## GIVEN MATERIAL
· · · ·

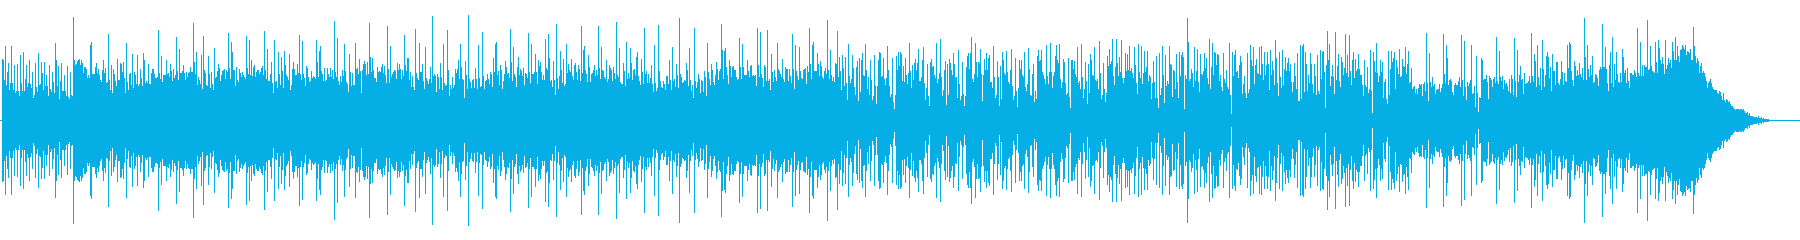 アンダーグラウンドなエレクトロニカの再生済みの波形
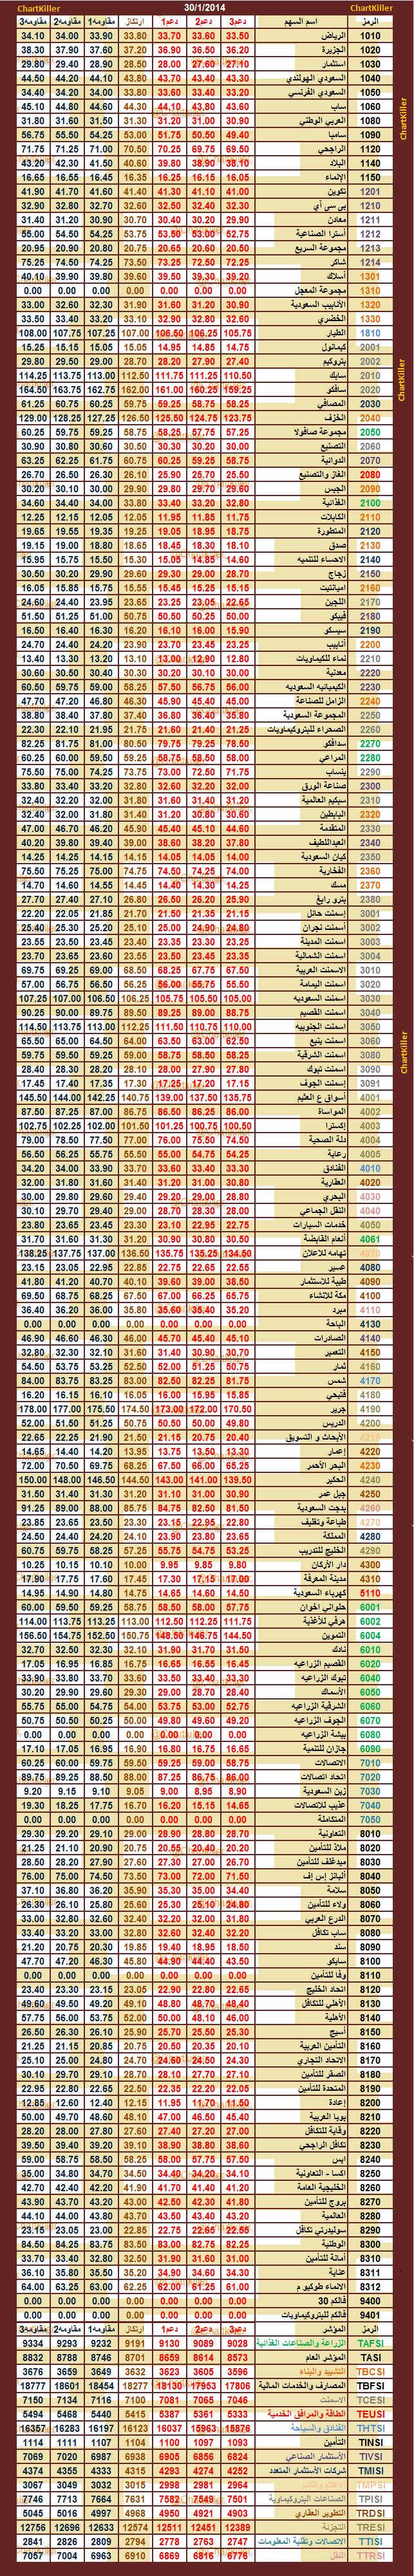 الدعم المقاومه ليوم  الخميس 30-1-2014  ::   السوق  السعودي  280426184
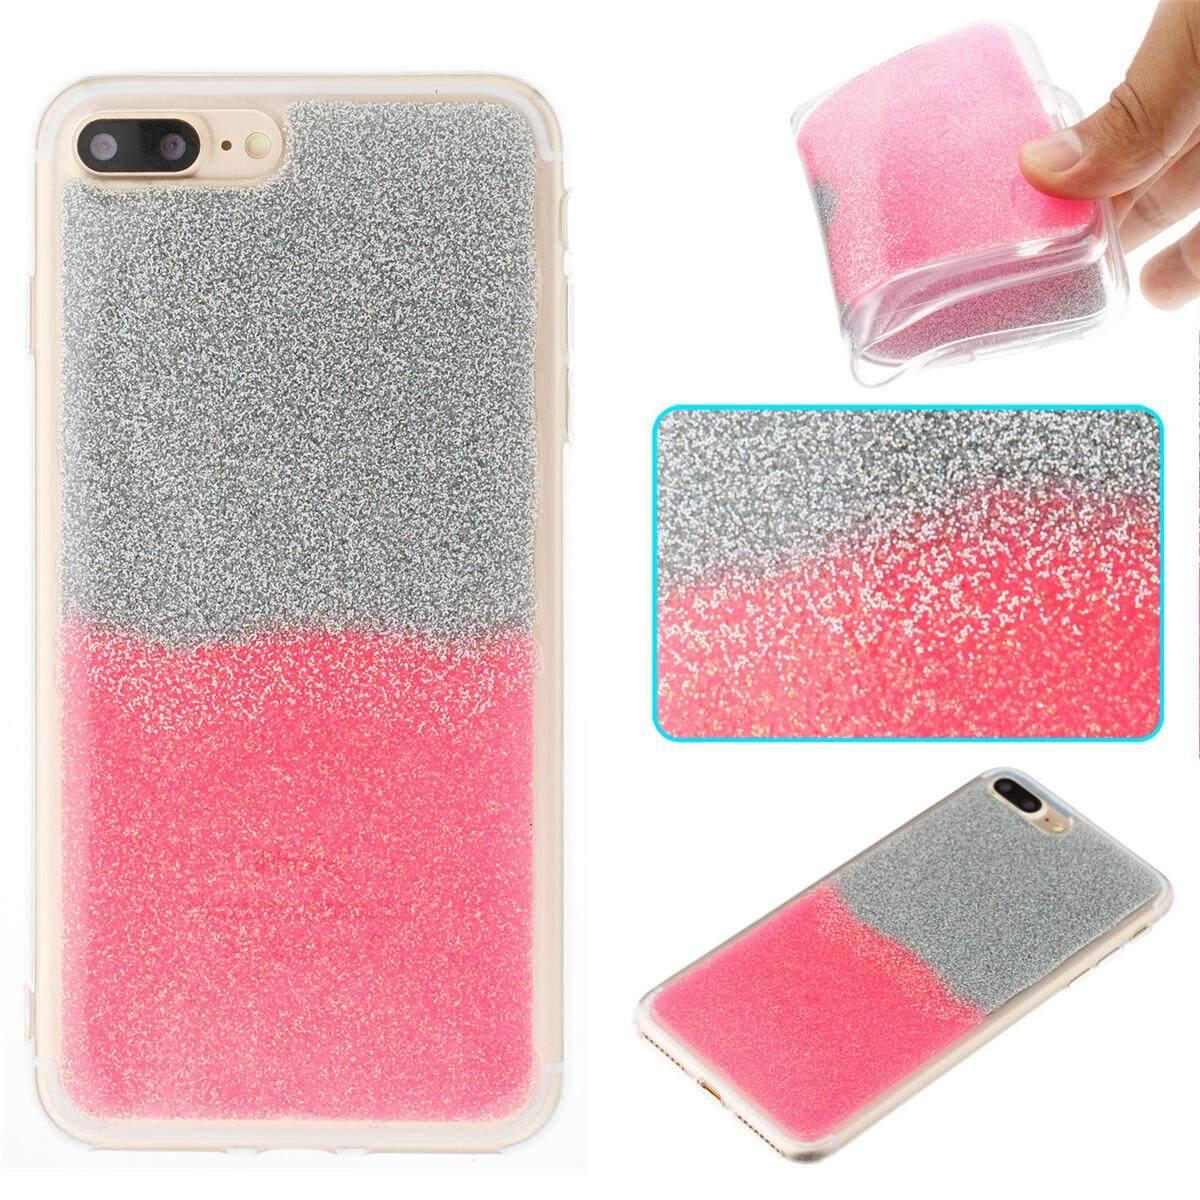 Moonmini untuk iPhone 7 Plus/Iphone 8 PLUS Dual Rambut Palsu Gradien TPU Casing Ponsel Modis Pelindung Penutup Belakang (Emas)

· · · ·

## WHAT TO DO
The listing above must be given again exactly, minus its pictures.

## TASK OUTPUT
 アンダーグラウンドなエレクトロニカの再生済みの波形
 الدعم المقاومه ليوم  الخميس 30-1-2014  ::   السوق  السعودي  280426184
 Moonmini untuk iPhone 7 Plus/Iphone 8 PLUS Dual Rambut Palsu Gradien TPU Casing Ponsel Modis Pelindung Penutup Belakang (Emas)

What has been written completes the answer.